Today I picked up the tail-end of a BBC news item about an influential scientific study recommending coronary artery stents and bypass urgery, for relatively young and low-risk patients. It seems that much of the adverse data gathered for the paper was suppressed. It was commissioned by a stent manufacturer, of course, though predictably the firm has distanced itself from the study after its dangerous errors were exposed.
I haven’t dug into the details today, nor followed the story in the past, but I did pick up on a YouTube video a couple of weeks ago, by a “dissident” doctor, ruining his own career by questioning the cavalier use of these invasive procedures without sufficient regard for the down-side, for commercial gain. In this case it seems the “cardiology denier” may well have been right.
However, the BBC news item mentioned that the cardiologists’ professional body here “stands by the study.” Do they, I wonder, speak as those with enquiring minds about the true nature of things, or could they be more like the group-think sheep at my school, whom I and my chums proved able to bend to our own (fortunately fairly benign) agenda?
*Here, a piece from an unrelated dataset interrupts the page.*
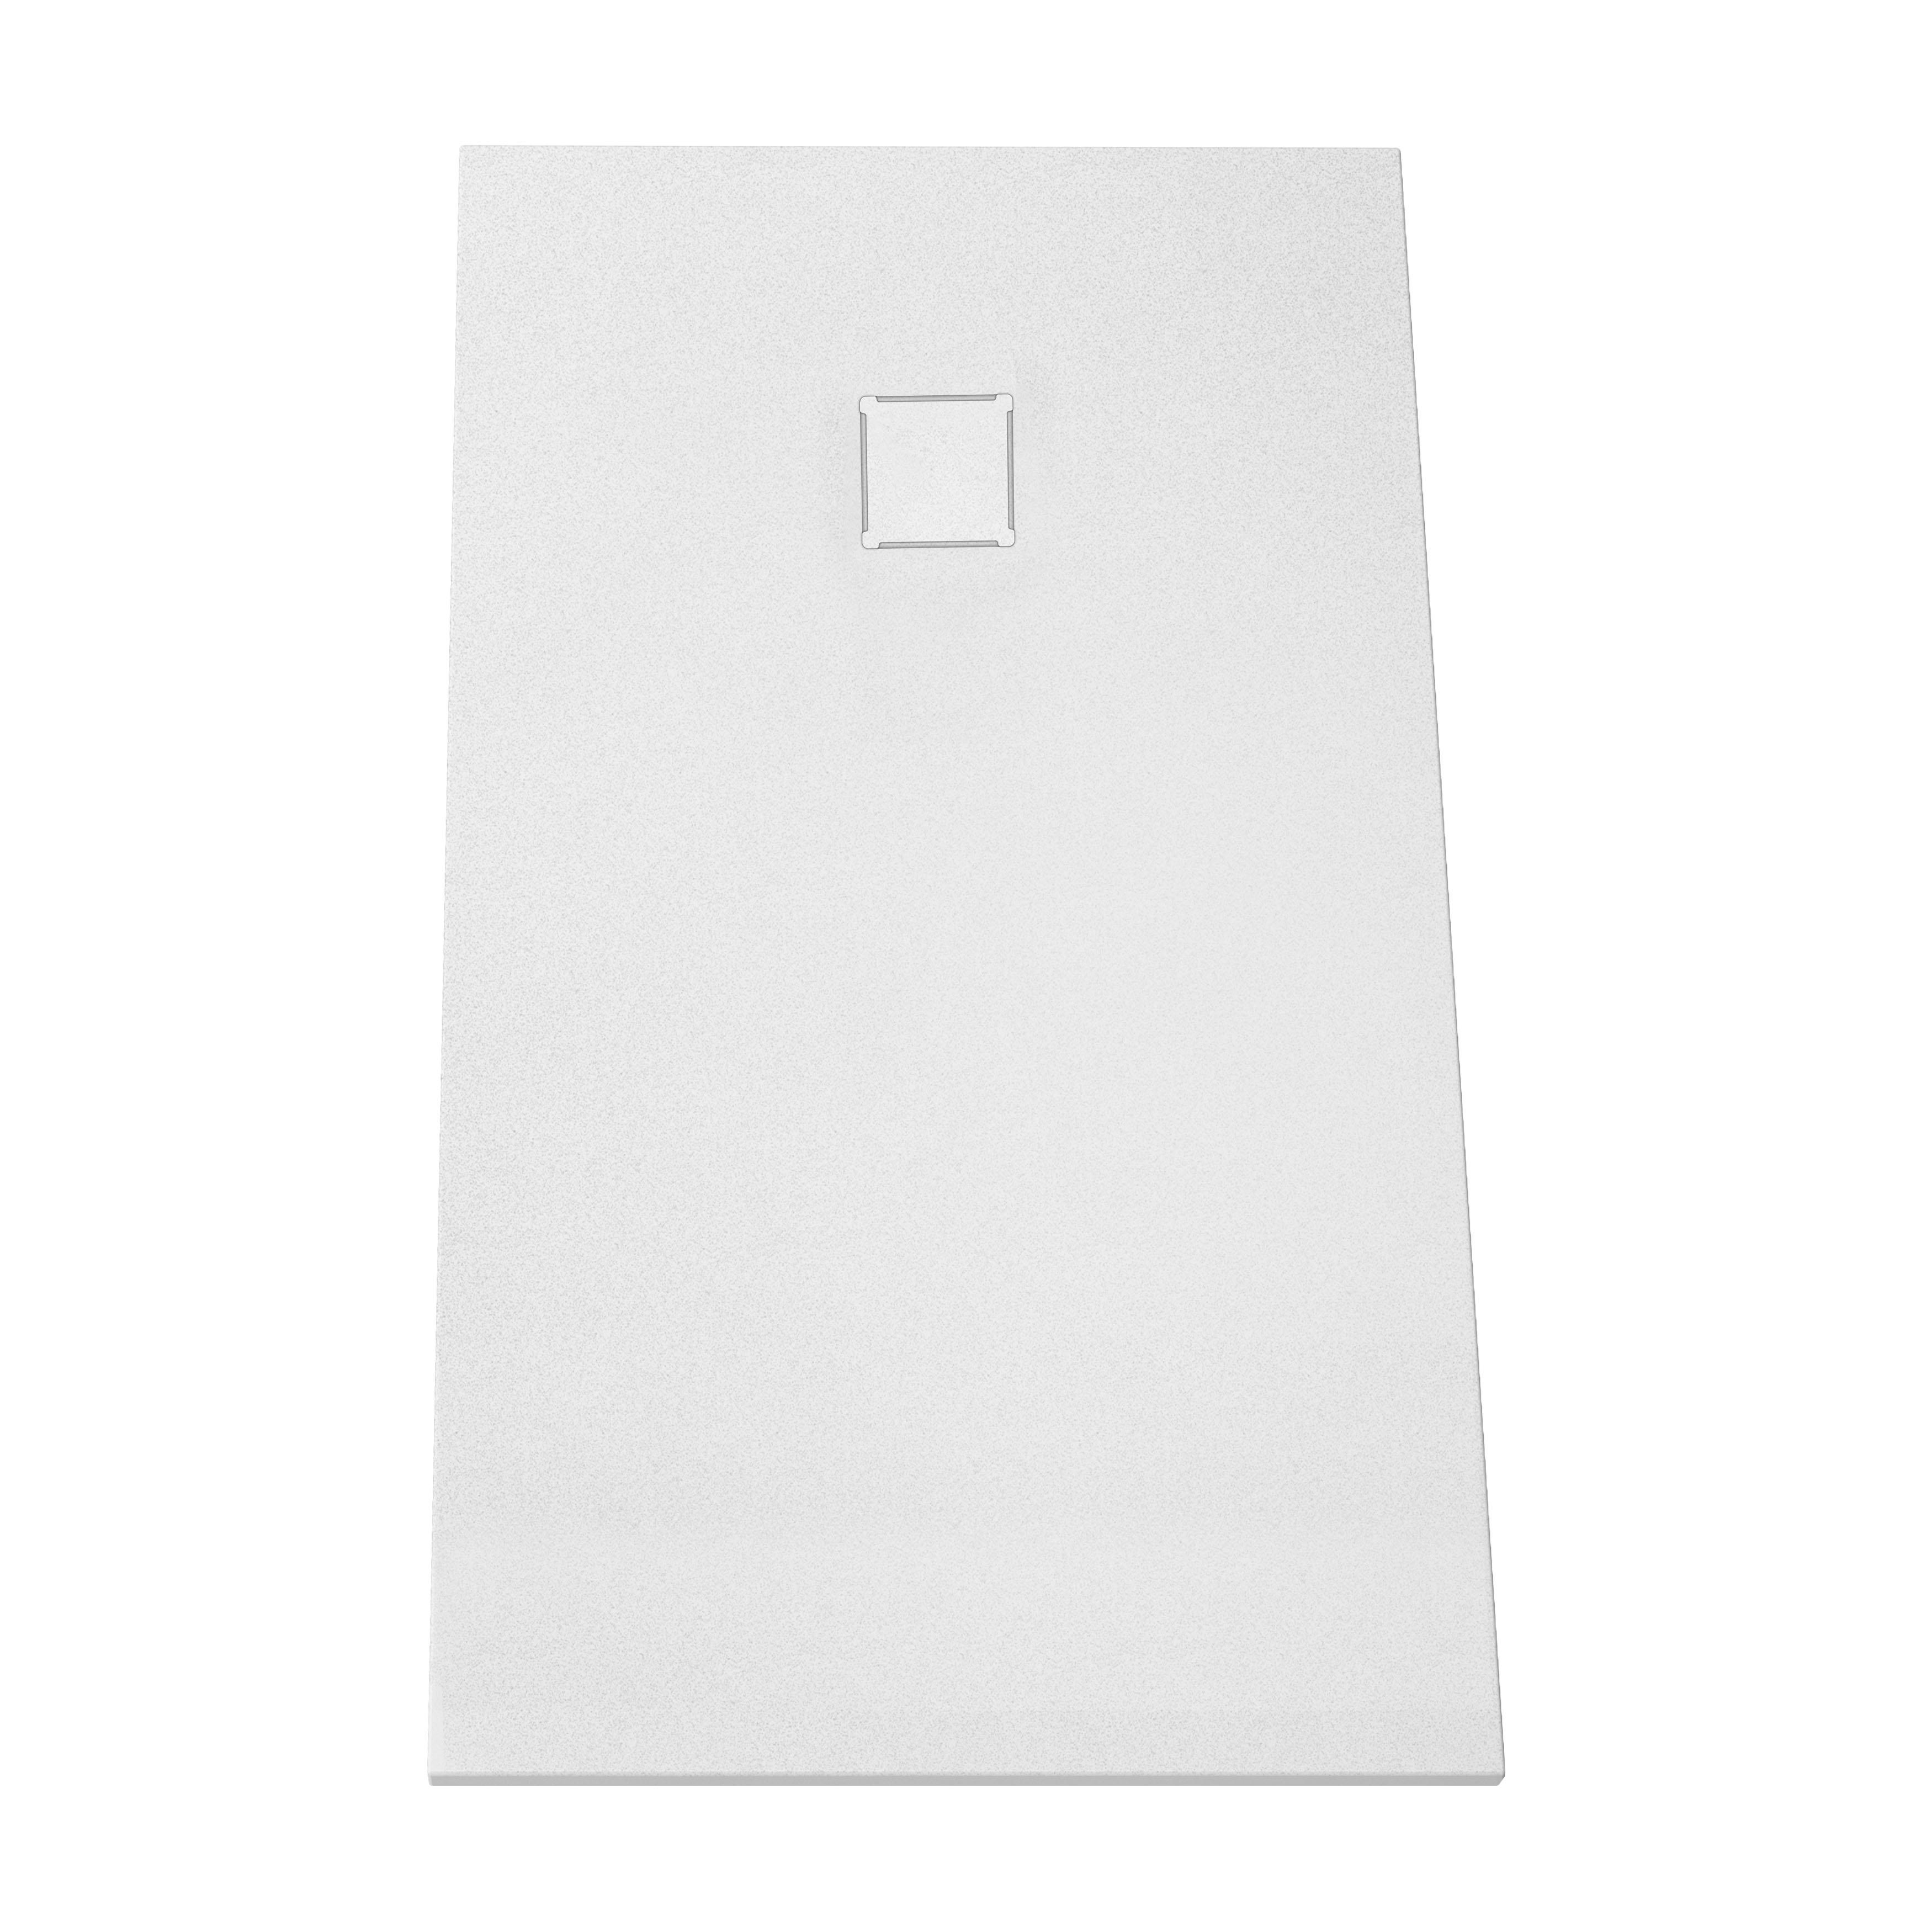 V-stone, receveur ultra plat en solid stone, 140  x  70 cm blanc

Most of the kids at school would undoubtedly have baulked at the idea that their temporary obsession with paper darts was, in effect, the result of their submission to our arbitrary will. Nevertheless it was just that, as the stuff I’ve read on propaganda more recently shows.
Are my ideas my ideas, or those that someone with an agenda wished to impose on me? That’s a useful question to ask about anything said by news outlets, politicians, commercial organisations, NGOs and, indeed, even by scientists and academics (sad to relate). Is the NHS really up for sale to America (as whoever carefully spray-painted the protest against it I saw in London this weekend evidently believed)? Are Attenborough’s polar bears really learning to hunt beluga whales from rocks because global warming is starving them – or not?
Take home message: most participants in conspiracies have no idea even that there is one.
PS: Lest you conclude that paper-darts are merely kid’s stuff, my most memorable memory of them was at Cambridge, where a particularly boring lecturer began to receive them from the back of the lecture theatre as his series progressed. In the last session, somebody threw a huge dart about three feet long, which circled round behind the good doctor and landed gracefully by the door. He didn’t even blink.